3. The cost-based peaking tariff shall include the following components: a customer charge computed monthly based on the higher of either the current monthly usage or the highest monthly usage over the prior 12-month period; a Public Purpose Program (PPP) charge based on the PPP rates adopted by the Commission in Resolution G-3303; a reservation charge for transportation using the noncore coincident peak demand for the calculation of the demand charge; and an Interstate Transition Cost Surcharge (ITCS) charge collected as a separate volumetric rate, to be applied to the actual, recorded, monthly throughput.

4. The peaking tariff shall: (a) be a systemwide rate; (b) customers shall balance their nominations and burns daily; (c) partial bypass customers shall not be eligible for SIC credit; and (d) the tariff shall apply on a facility-by-facility basis.

5. The cost-based peaking tariff shall be subject to review in the next SoCalGas Biannual Cost Allocation Proceeding.

6. This proceeding is closed.

This order is effective today.

Dated , at San Francisco, California.

APPENDIX A

Page 1

List of Appearances


Interested Parties: Alcantar & Elsesser, LLP, by Michael Alcantar, Attorney at Law, for Cogeneration Association of California; Tom Beach, Crossborder Energy, for PG&E National Energy Group; Kirby Bosley and Michael Briggs, for Reliant Energy; Matthew V. Brady & Associates, by Matthew V. Brady, Attorney at Law, for the Department of General Services; Sharon Cohen, Sempra Energy, for Gasoducto Rosarito; Goodin, MacBride, Squeri, Ritchie & Day, by Brian T. Cragg, for Cabrillo I, LLC and Cabrillo II, LLC; Terry Dutton, County of San Diego, for San Diego County Air Pollution Control District; Alcantar & Elsesser, LLP, by Evelyn Kahl Elsesser, Attorney at Law, for Chevron USA, Amoco Energy Trading, Burlington Resources, Texaco & Aera Energy; Energy Law Group, LLP, by Diane I. Fellman, Attorney at Law, for NRG Energy, Inc.; Alex Goldberg, for Williams Companies, Inc.; Patrick L. Gileau, Attorney at Law, for CPUC Office of Ratepayer Advocates; Morrison & Foerster, LLP, by Peter W. Hanschen, Attorney at Law, for PG&E National Energy Group; Marcel Hawiger, Attorney at Law, for The Utility Reform Network; Bruno Jeider, for the City of Burbank; White & Case, LLP, by Joseph M. Karp, Attorney at Law, for California Cogenerators Council; Ellison, Schneider & Harris, by Douglas K. Kerner, Attorney at Law, for Duke Energy North American; Eric Klinkner, for the City of Pasadena; Luce, Forward, Hamilton & Scripps, LLP; by John W. Leslie, Attorney at Law, for Coral Energy Resources; Steven G. Lins, for the City of Glendale; Sutherland, Asbill & Brennan, LLC, by Keith McCrea, Attorney at Law, for California Manufacturers & Technology Association and California Industrial Group; Sara Steck Myers, Attorney at Law, for the City of San Diego; Ronald G. Oechsler, for Navigant Consulting Inc.; Frederick M. Ortlieb, Deputy City Attorney, for the City of San Diego; Jones, Day, Reavis & Pogue, by Norman A. Pedersen, Attorney at Law, for Southern California Generation

APPENDIX A

Page 2


Coalition; Roger T. Pelote, for Williams Energy Services; Robert L. Pettinato, for the Los Angeles Department of Water and Power; Patrick J. Power, Attorney at Law, for the City of Long Beach; Michael Shames, Attorney at Law, for Utility Consumers' Action Network; John Steffen, for the Imperial Irrigation District; and Catherine E. Yap, for Barkovich & Yap, Inc.

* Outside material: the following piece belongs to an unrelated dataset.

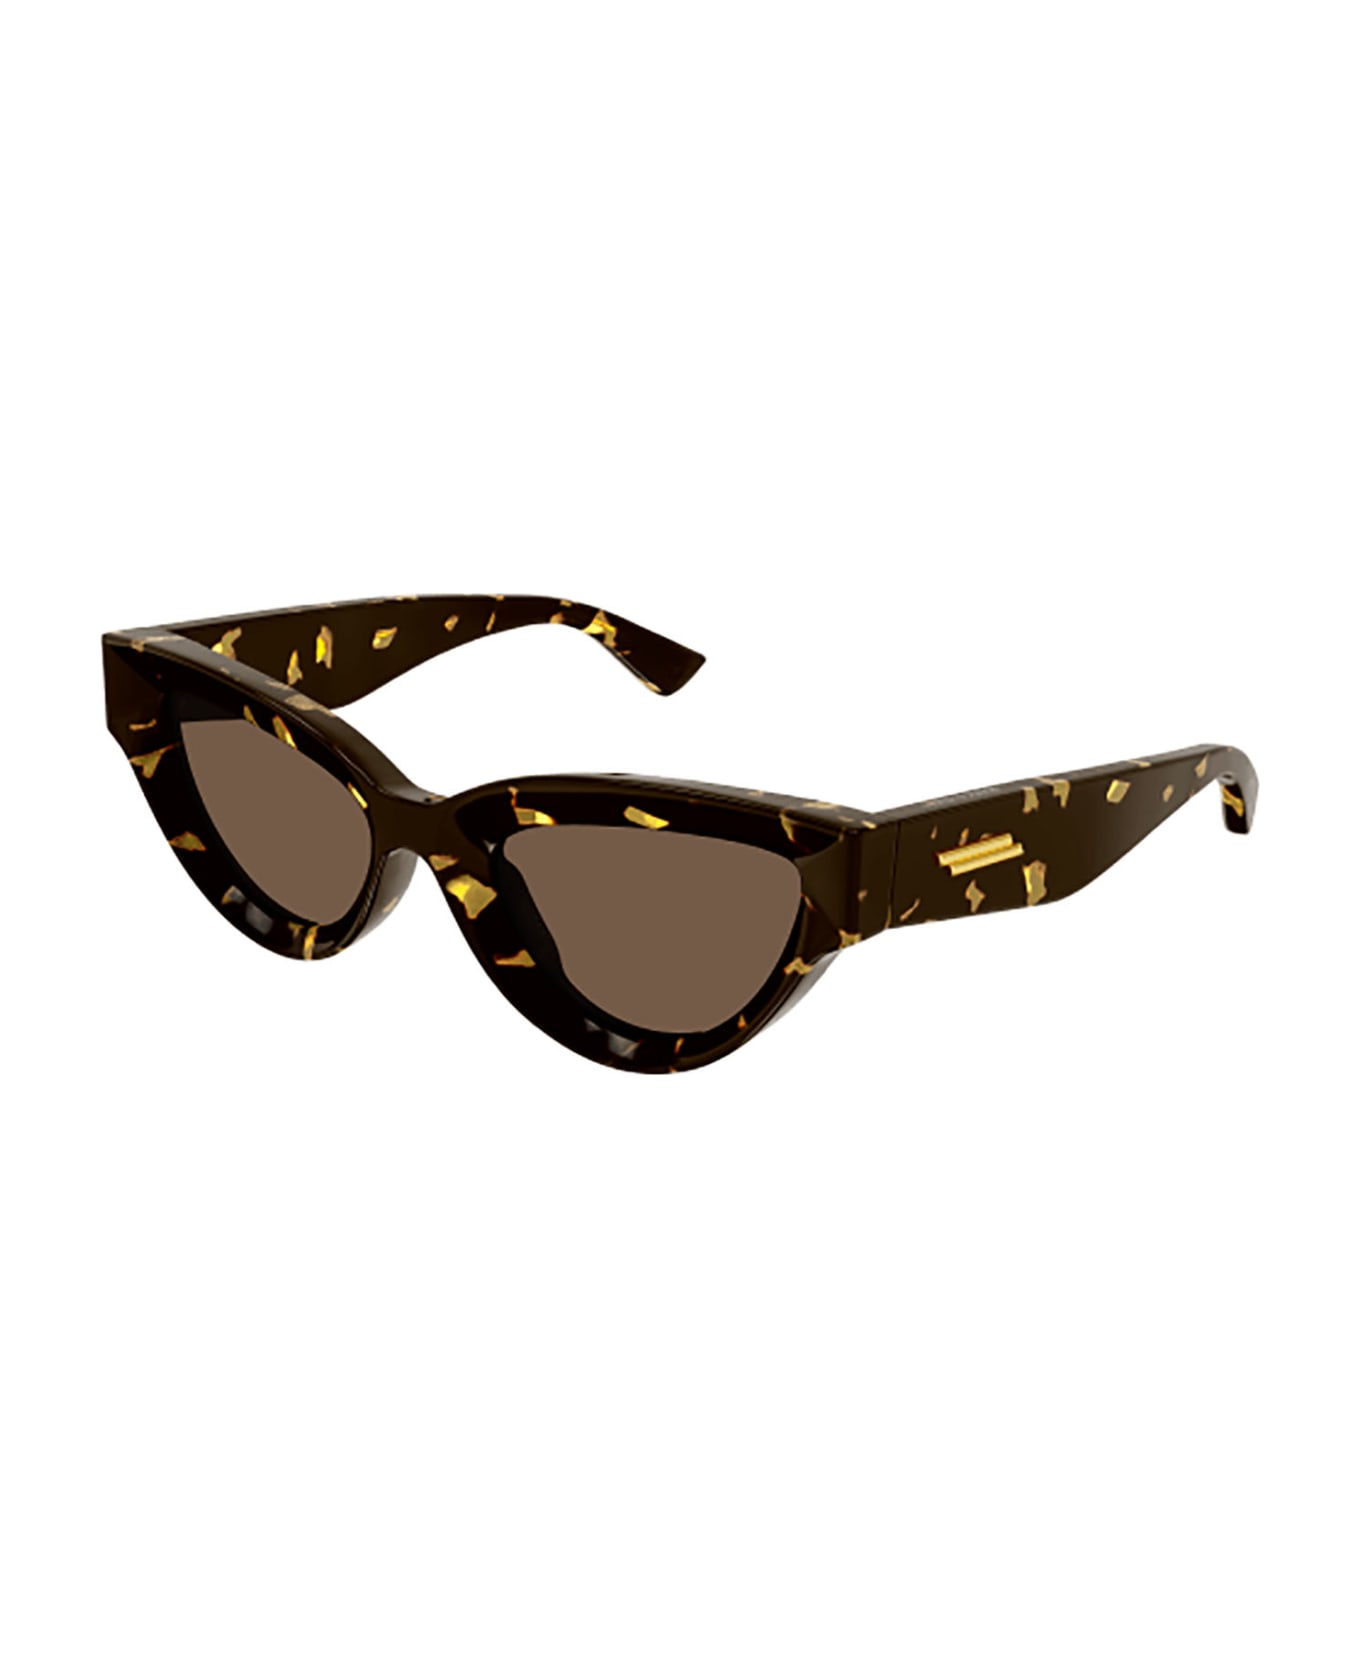 Bottega Veneta Eyewear Bv1249s Sunglasses - 002 havana havana brown サングラス

Intervenors: Craig Chancellor, Davis, Wright, Tremaine, LLP, by Lindsay How-Downing, Attorney at Law, for Calpine Corporation; Davis, Wright, Tremaine, LLP, by Edward W. O'Neill, Attorney at Law, for El Paso Natural Gas Company; and Michael R. Thorp, Sempra Energy, for San Diego Gas & Electric Company and Southern California Gas Company.


State Service: Joyce Alfton and Richard A. Myers, for the Energy Division; Jacqueline Greig and Robert M. Pocta, for The Office of Ratepayer Advocates; and Scott Tomashefsky and Bill Wood, for the California Energy Commission.